Date Calculation

[jon_russ]

Hi guys,

I am still trying to make the DB for my sisters dance company.

I have managed to calculate the students ages from the DOB field, but I also need to know their ages at the 31 March and 1 December for competition purposes.

I am using the following code as a module:.....

Function Age(varBirthDate As Variant) As Integer
Dim varAge As Variant
If IsNull(varBirthDate) Then Age = 0: Exit Function
varAge = DateDiff("yyyy", varBirthDate, Now)
If DOB < DateSerial(Year(Now), Month(varBirthDate), _
Day(varBirthDate)) Then
varAge = varAge - 1
End If
Age = CInt(varAge)
End Function

.....to calculate the age.

The age field contains the following in the ControlSource property of the text box:
=Age([DOB]) & " yrs "

Please could you suggest a method that would allow meto calculate the ages as of 31 March & 1 Dec of the current year.

TIA

Jon

 

[raskew]

Hi-

The problem with your Age() function is that it doesn't provide the option of selecting a date other than today's date.

Here's a query based on Northwind's Employees table, which provides all three ages. You'll just need to substitute your table and field names.

SELECT
    Employees.LastName
  , Employees.FirstName
  , Employees.BirthDate
  , DateDiff("yyyy",[BirthDate],Date())+(Date()<DateSerial(Year(Date()),Month([Birthdate]),Day([BirthDate]))) AS ageNow
  , DateDiff("yyyy",[BirthDate],DateSerial(Year(Date()),3,31)+(DateSerial(Year(Date()),3,31)<DateSerial(Year(Date()),Month([Birthdate]),Day([BirthDate])))) AS age331
  , DateDiff("yyyy",[BirthDate],DateSerial(Year(Date()),12,1)+(DateSerial(Year(Date()),12,1)<DateSerial(Year(Date()),Month([Birthdate]),Day([BirthDate])))) AS age121
FROM
   Employees;

HTH - Bob

 

[IanH]

I've done something similar to what (I believe) you are trying to do.

I've output the code and a simple form into the attached database (winzipped). What I wasn't sure about was whether you were wanted to check against 31/12 and 31/03 this year or, for example if we were in June, 31/03 next year, but I'm sure you can amend the logic to fit.

Regards

Ian

 

[MarkK]

Fast and dirty

Subtract one date from another to return the number of days, and then divide by the number of days in a year to return the number of years. Use Abs() and the number is always positive.

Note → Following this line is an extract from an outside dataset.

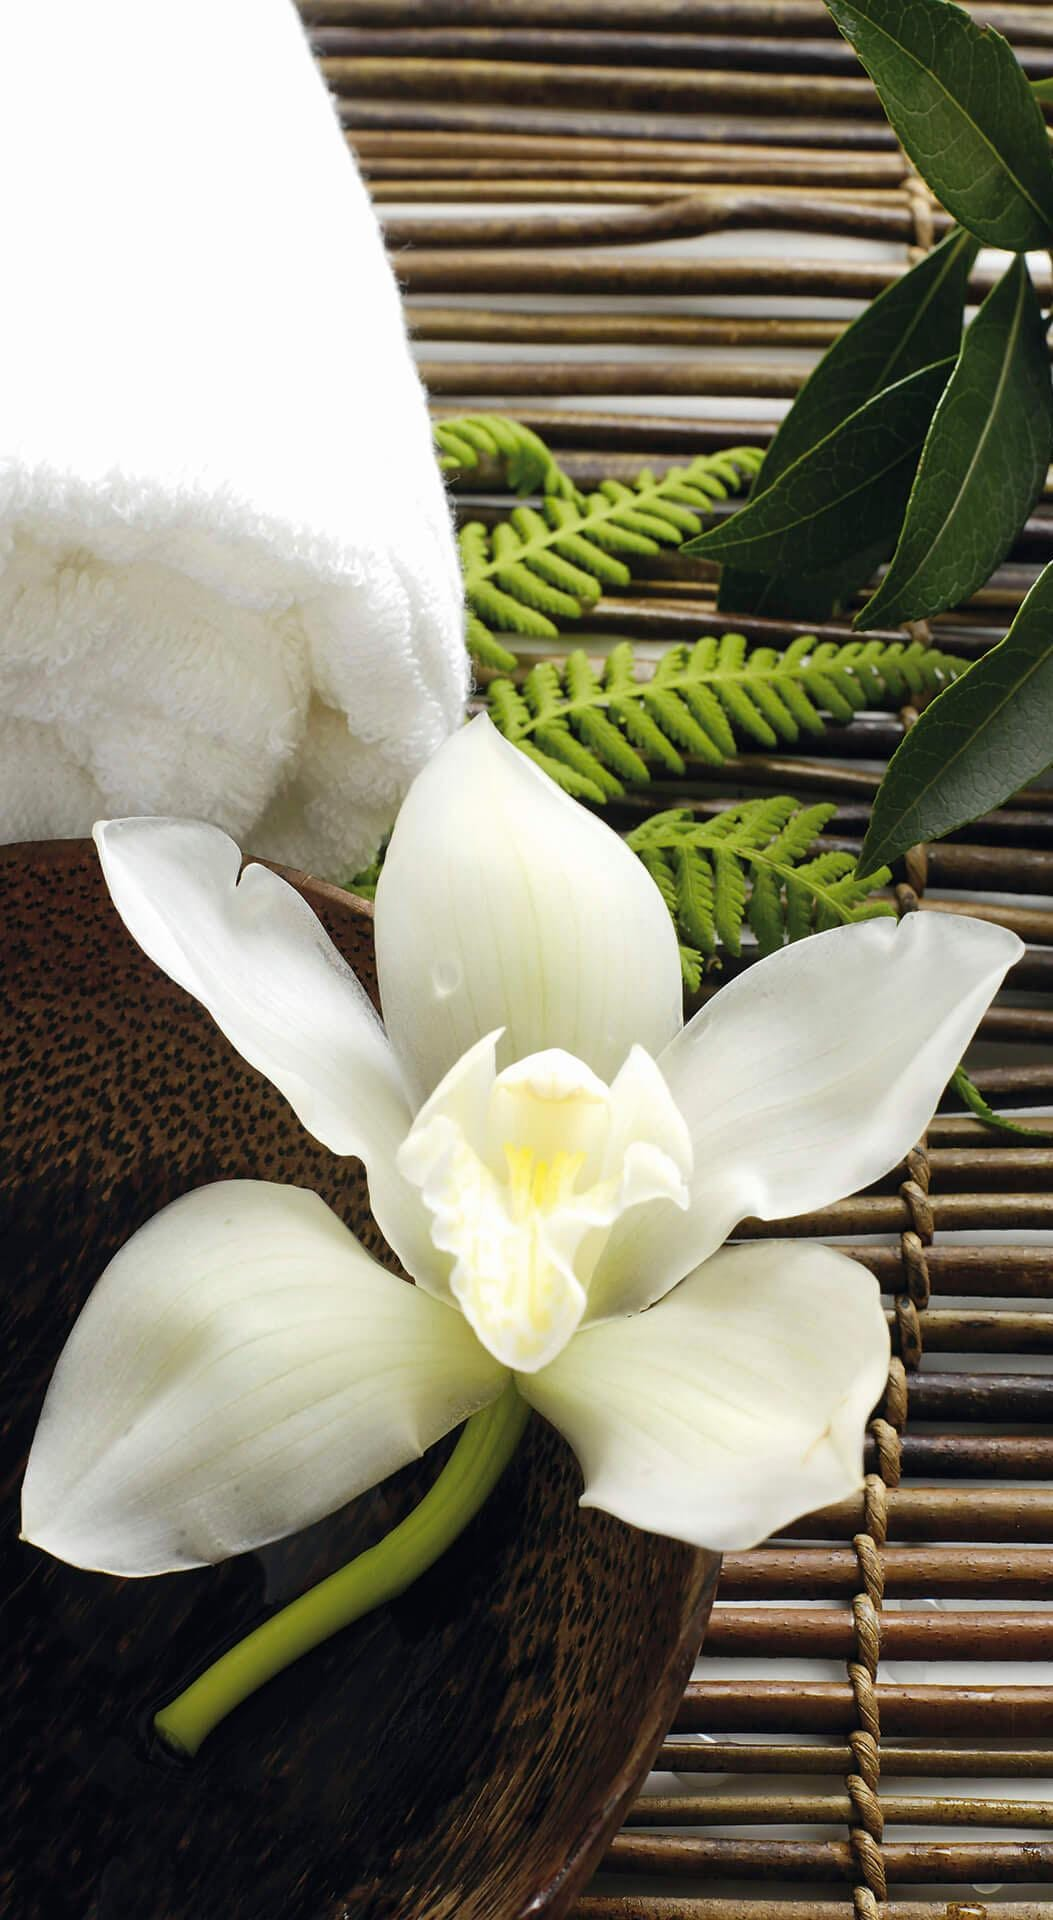 Vliestapete Wellness Orchidee Technik & Freizeit/Heimwerken & Garten/Bauen & Renovieren/Tapeten/Fototapeten/Fototapeten Blumen

Function YearDiff(d1 As Date, d2 As Date) As Byte
YearDiff = Abs((d2 - d1) / 365.25)
End Function

 

[Mile-O]

Function YearDiff(d1 As Date, d2 As Date) As Byte
YearDiff = Abs((d2 - d1) / 365.25)
End Function

Definitely dirty; it's not always accurate.

 

[MarkK]

Definitely dirty; it's not always accurate.

Hey, it only returns a byte. Might be off by a day if you happen to be 255 years old.

 

[IanH]

Hey, it only returns a byte. Might be off by a day if you happen to be 255 years old.

Have used this (and variants on this) in the past.

It works if you don't need to be absolutely accurate - can have problems if the birthday is on the same day as the date you are comparing against.